The role of MAPK-signaling in T cell activity

Abstract

Dissertation gesperrt bis zum 15.01.2028!

Cancer immunotherapies have become an integral component of modern oncology, providing meaningful clinical benefit in selected patients with advanced malignancies. Immune checkpoint inhibitors (ICIs) have achieved durable responses in entities such as melanoma and non–small cell lung cancer; however, many patients with solid tumors derive limited or transient benefit, underscoring the need for complementary strategies to improve T cell performance.
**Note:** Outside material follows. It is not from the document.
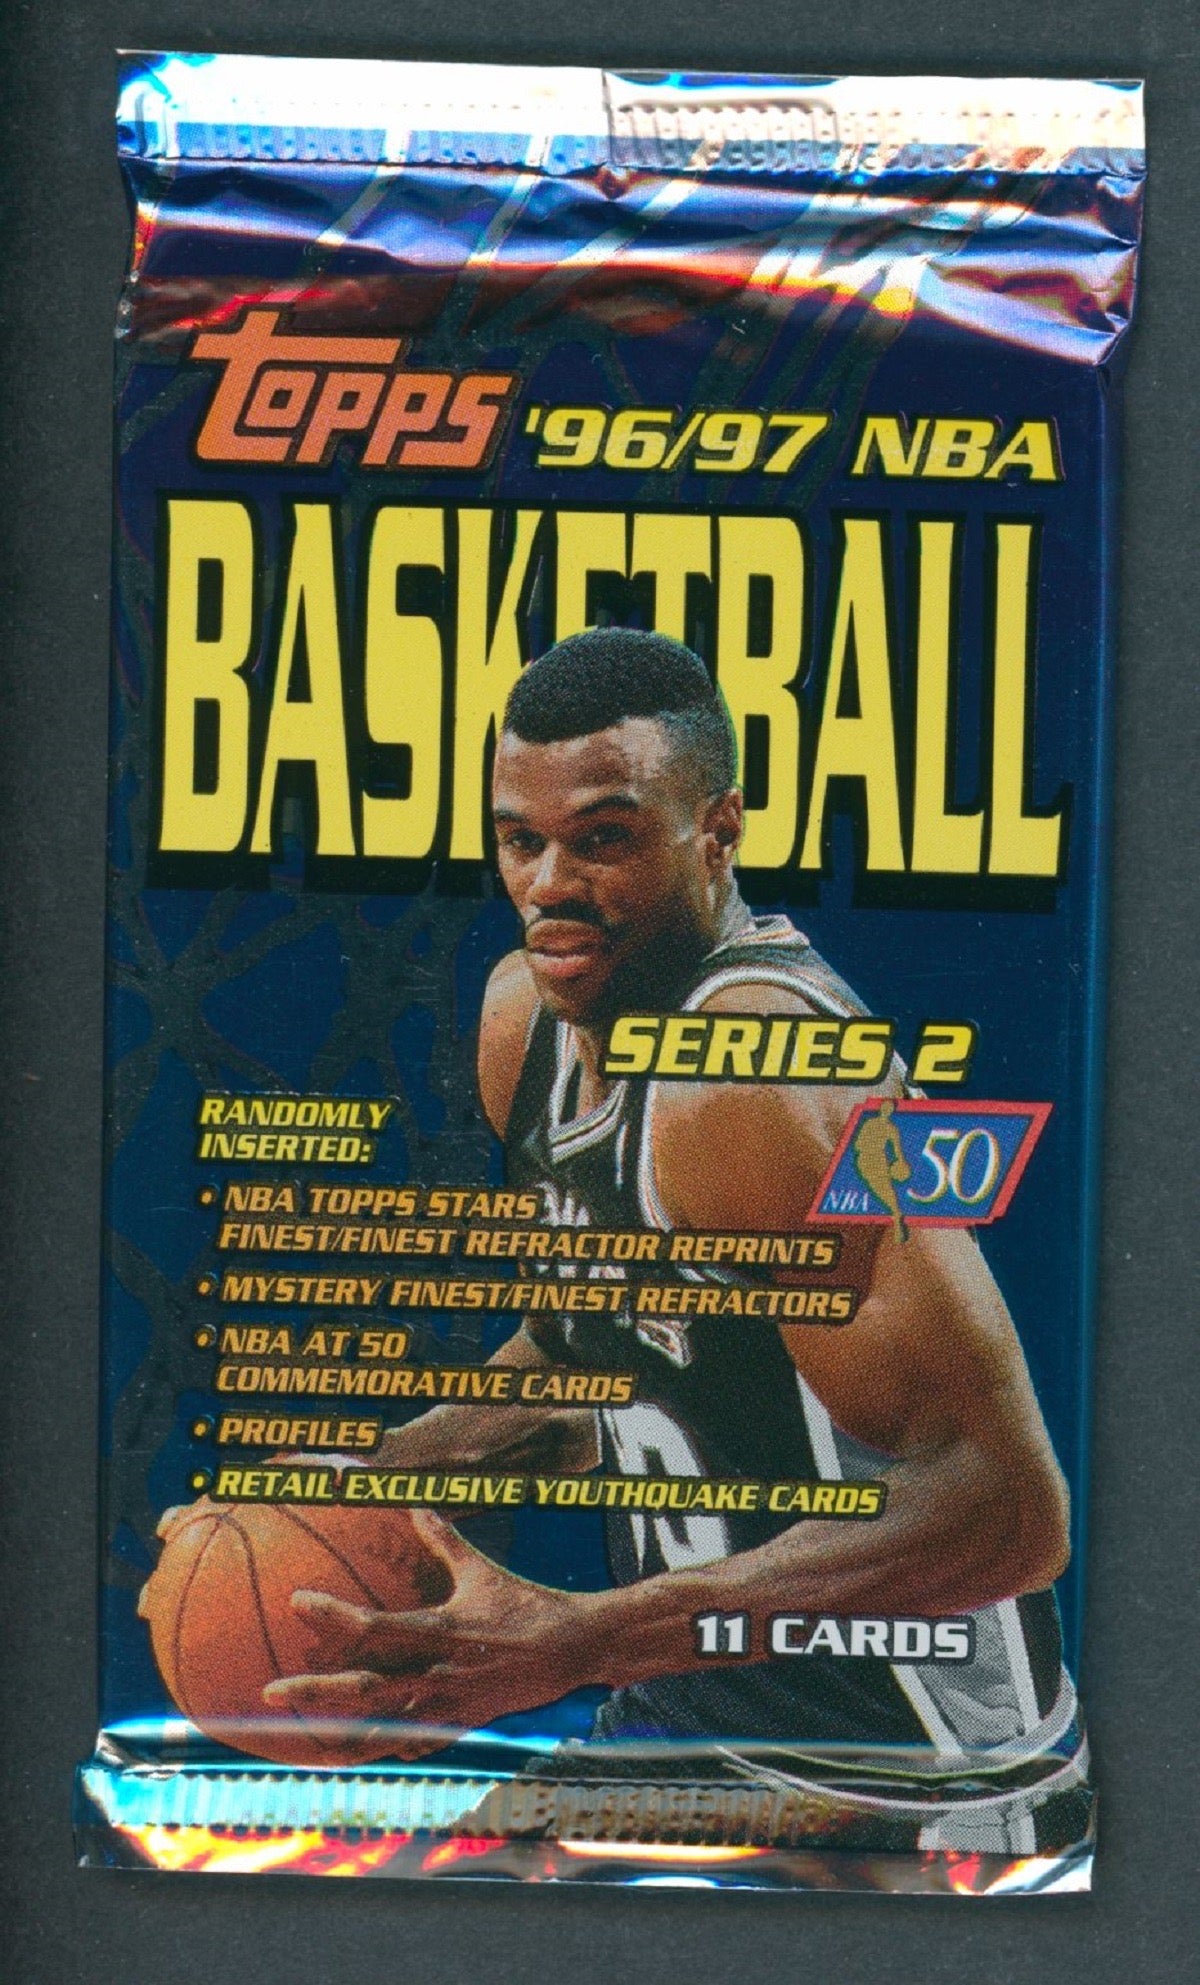 1996/97 Topps Basketball Unopened Series 2 Pack (Retail)

This thesis explores the modulation of intrinsic T cell signaling pathways as a strategy to enhance T cell functionality, focusing on the stress-activated protein kinase (SAPK) pathway and the kinases p38 and MKK4. Using primary human CD4⁺ and CD8⁺ T cells, pharmacological targeting of MAPK pathway components was investigated in the context of ex vivo T cell activation and expansion. Functional and phenotypic properties were assessed using established in vitro culture and cytotoxicity models designed to evaluate sustained T cell activity. By systematically evaluating the impact of MAPK pathway modulation during T cell preparation, this work highlights the translational relevance of small-molecule–based approaches to optimize T cell–based immunotherapies. These findings provide a rationale for further investigation of kinase-targeted strategies in the development of improved T cell therapies for solid tumors.